11 Le recours est conforme aux articles 66, 67 et à l’article 68, paragraphe 1, du RMCUE. Il est recevable.
Réouverture de l’examen des motifs absolus de refus
12 Ainsi qu’il ressort de l’article 161 du RMCUE, lu en combinaison avec les articles 47 et 71, paragraphe 1, du RMCUE, la division d’opposition et les Chambres de recours ne sont pas compétentes pour examiner les motifs absolus de refus au cours de la procédure d’opposition (18/02/2004, T-10/03, Conforflex, EU:T:2004:46, § 55, 57 ; 30/06/2004, T-186/02, Dieselit, EU:T:2004:197, § 71).
13 Il découle de l’article 45, paragraphe 3, du RMCUE et de l’article 30, paragraphe 2, du RMCUE-DR, lus en combinaison avec l’article 45, paragraphe 2, du Règl. proc. Chambres de recours, que lorsqu’une décision de la division d’opposition fait l’objet d’un recours, et que la Chambre de recours estime qu’un motif absolu de refus peut s’appliquer à tout ou partie des produits ou services énumérés dans la demande de marque, la Chambre peut, au moyen d’une décision interlocutoire motivée, suspendre la procédure de recours et renvoyer la demande contestée à l’examinateur compétent pour l’examen de cette demande, avec une recommandation de rouvrir l’examen des motifs absolus de refus.
14 Un tel examen peut être engagé à tout moment avant l’enregistrement, ainsi que le prévoient expressément les articles susmentionnés.

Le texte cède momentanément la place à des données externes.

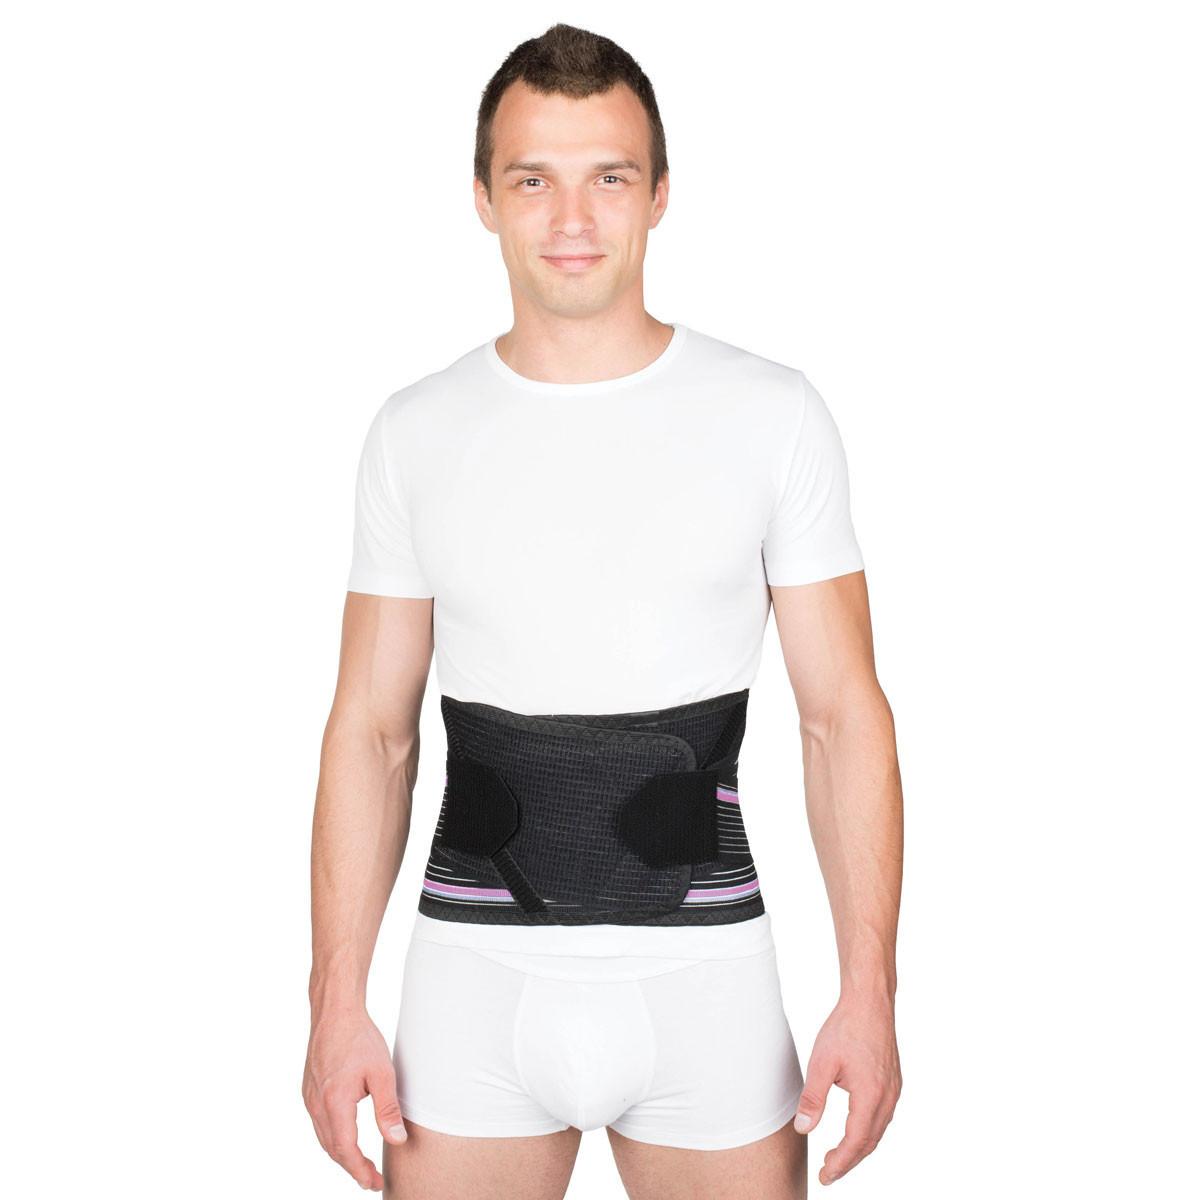 Ортопедичний корсет для чоловіків Т-1501, Тривес Evolution

15 Conformément à l’article 30, paragraphe 3, du RMCUE-DR, lu en combinaison avec l’article 45, paragraphes 3 à 5, du Règl. proc. Chambres de recours, lorsque l’examen de la demande contestée a été rouvert, la procédure de recours reste suspendue jusqu’à ce que la décision de l’examinateur ait été rendue et, lorsque la demande contestée a été rejetée en tout ou en partie, jusqu’à ce que la décision de l’examinateur à cet effet soit devenue définitive.
16 En l’espèce, pour les raisons exposées ci-après, il convient de recommander une réouverture de l’examen des motifs absolus de refus du signe demandé pour les produits désignés dans la classe 32.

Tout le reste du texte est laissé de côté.